Elkord E, Burt DJ, Sundstedt A, Nordle Ö, Hedlund G, Hawkins RE - Oncotarget (2015)

Bottom Line: We found that Nap-specific T cells were reduced after 3 treatment days in patients' peripheral blood.The patients in the UK subset showed a tendency of OS benefit after Nap treatment.In conclusion, patients with low baseline IL-6 and normal anti-SEA/E-120 may respond well to Nap by T cell activation and expansion paving the way for anti-tumour effects.

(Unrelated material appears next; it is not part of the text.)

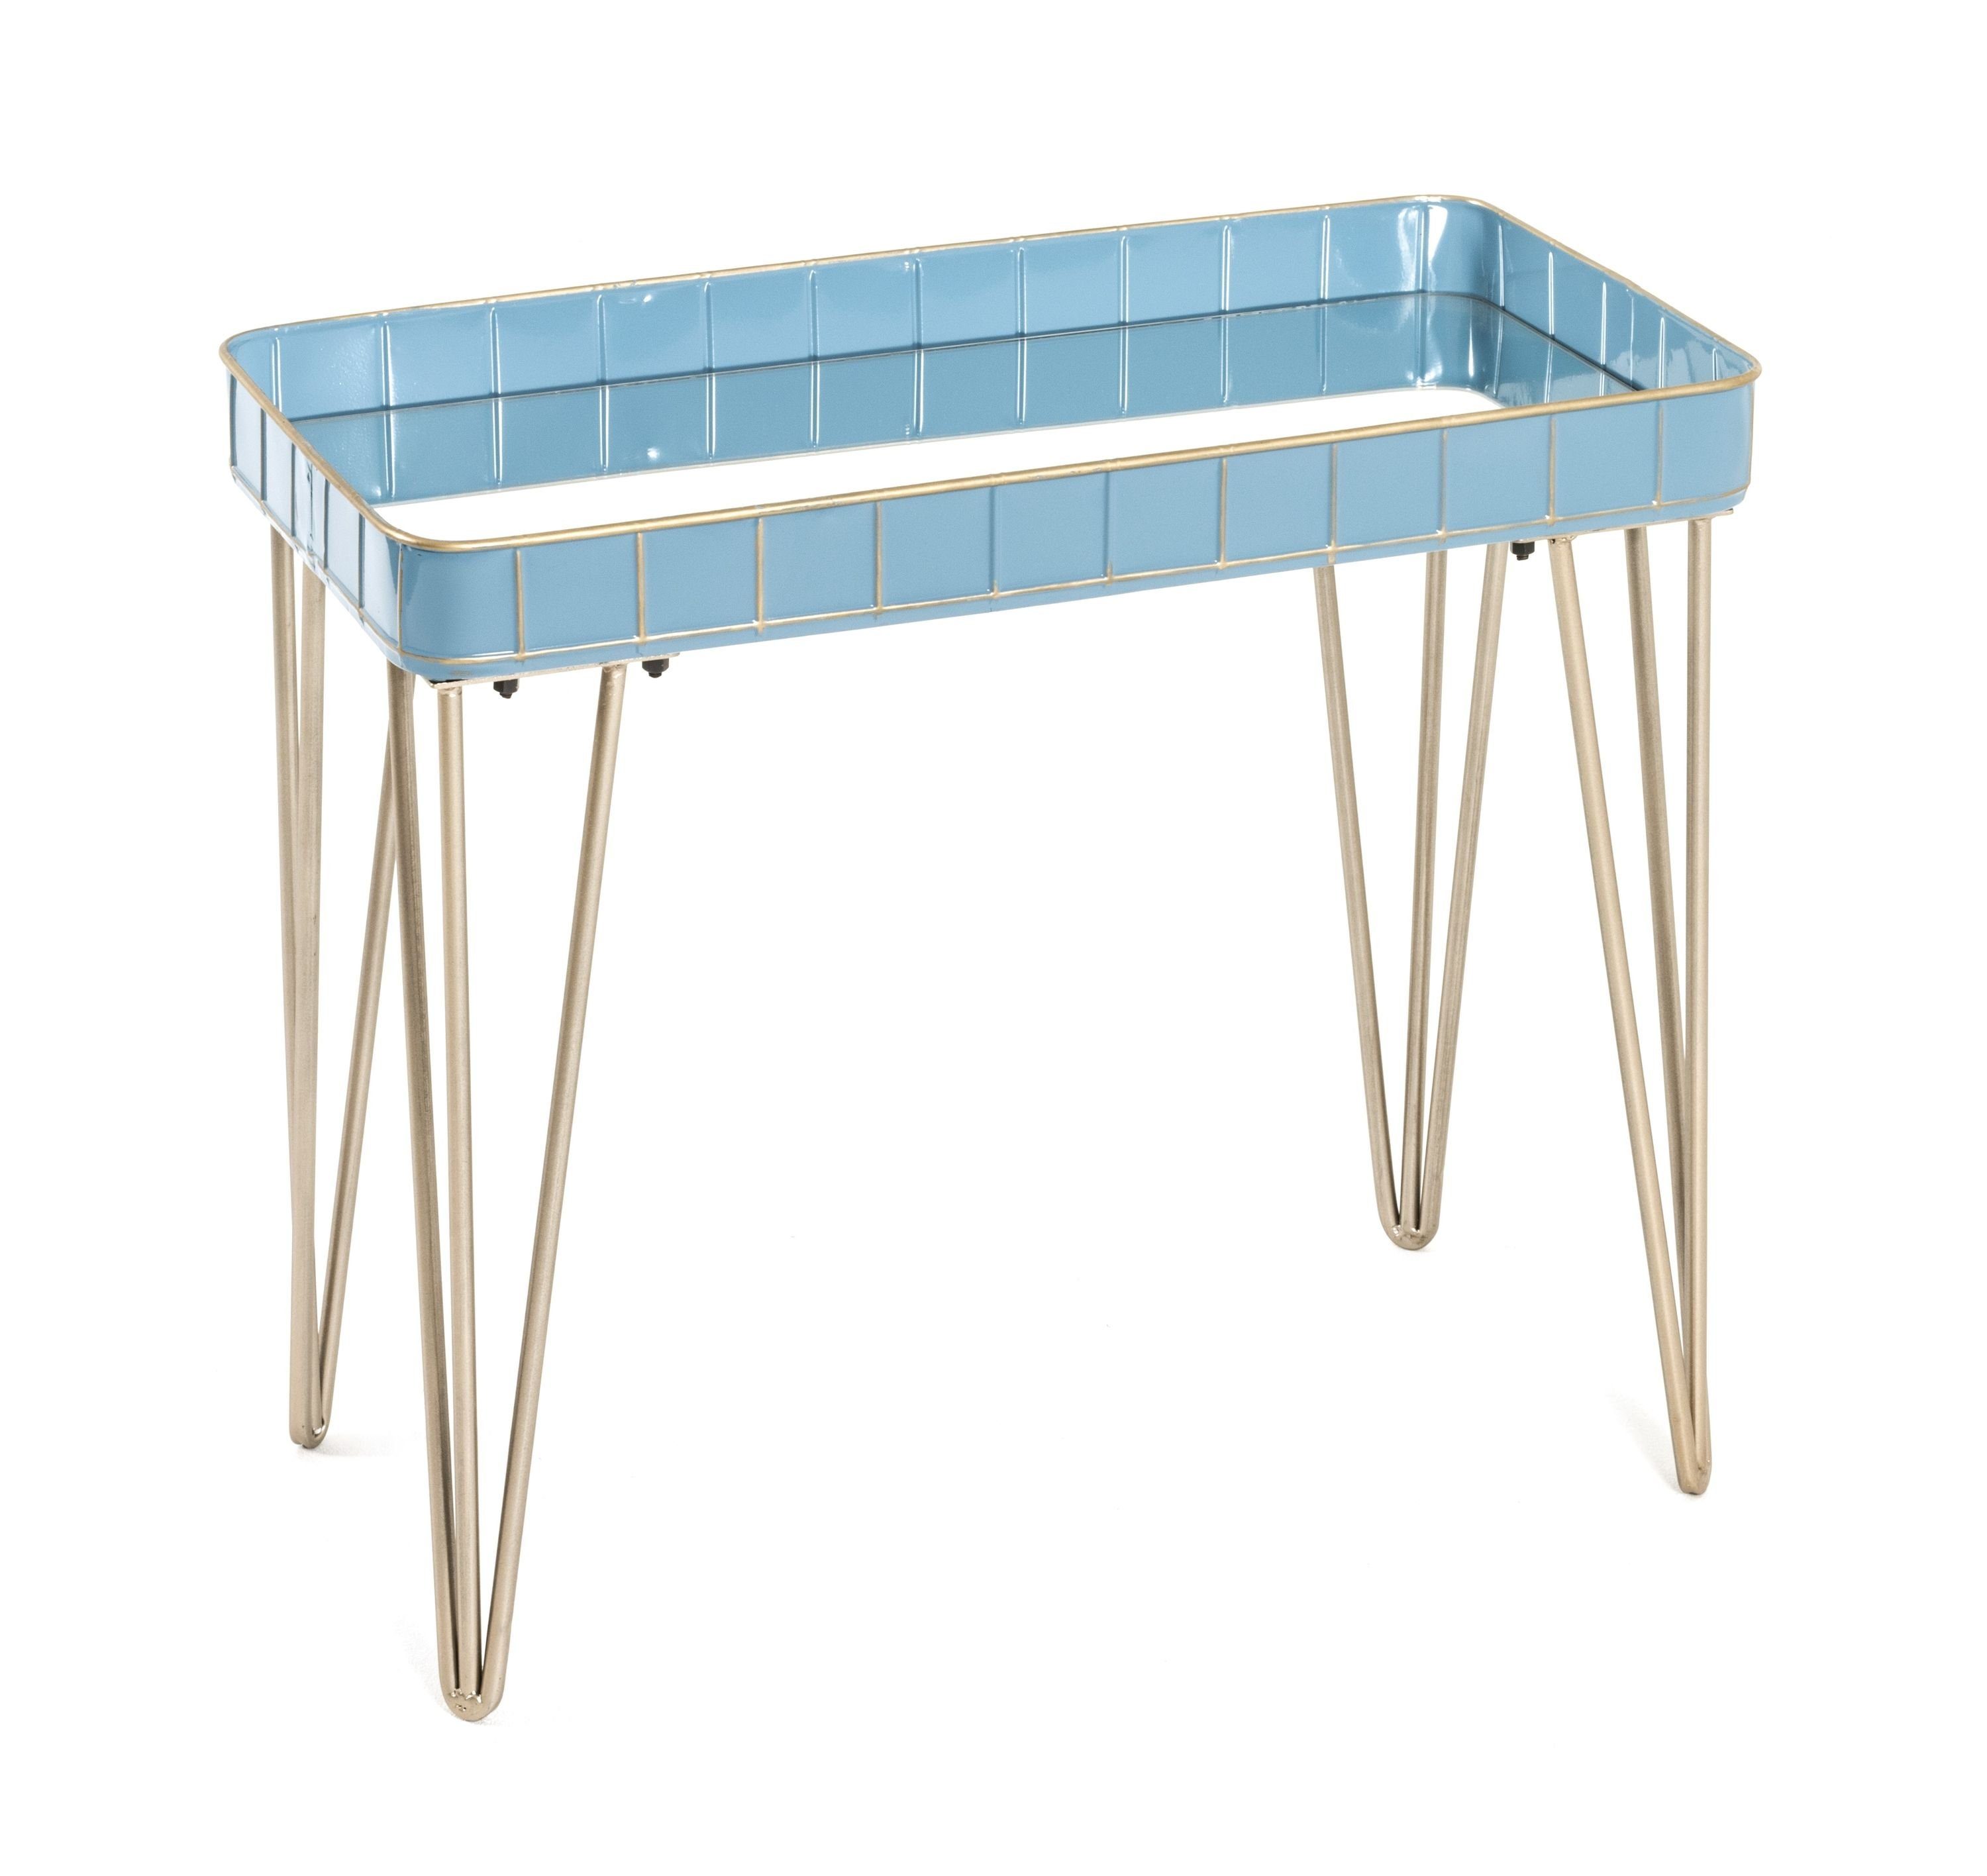 HAKU Beistelltisch Beistelltisch, HAKU Möbel Beistelltisch blau-bronze (BHT 60x54x31 cm) BHT 60x54x31 cm

View Article: PubMed Central - PubMed

Affiliation: Department of Medical Oncology, Institute of Cancer Sciences, The University of Manchester, Manchester, UK.

ABSTRACT
Naptumomab estafenatox/ABR-217620/ANYARA (Nap) has been evaluated in clinical phase 1 and 2/3 studies. RCC patients in the phase 2/3 trial were randomized 1:1 in an open label study to receive Nap+IFN-α or IFN-α. In this study, we analyzed the UK patients for their immunological response in relation to prolonged overall survival (OS). We found that Nap-specific T cells were reduced after 3 treatment days in patients' peripheral blood. Levels of both Nap-specific CD4+ and CD8+ T cells were significantly higher 8 days after the first treatment. Patients with such pattern of reduction and expansion of Nap-binding T cells also showed increased levels of IL-2 and IFN-γ in plasma 3 hours after the first Nap treatment. In addition, Nap caused an increase of IL-6, IL-10 and TNF-α. The patients in the UK subset showed a tendency of OS benefit after Nap treatment. Most Nap treated patients with long OS had low baseline IL-6 and normal levels of anti-SEA/E-120 antibodies. Furthermore, patients with pronounced Nap induced IL-2 and T cell expansion had long OS. In conclusion, patients with low baseline IL-6 and normal anti-SEA/E-120 may respond well to Nap by T cell activation and expansion paving the way for anti-tumour effects.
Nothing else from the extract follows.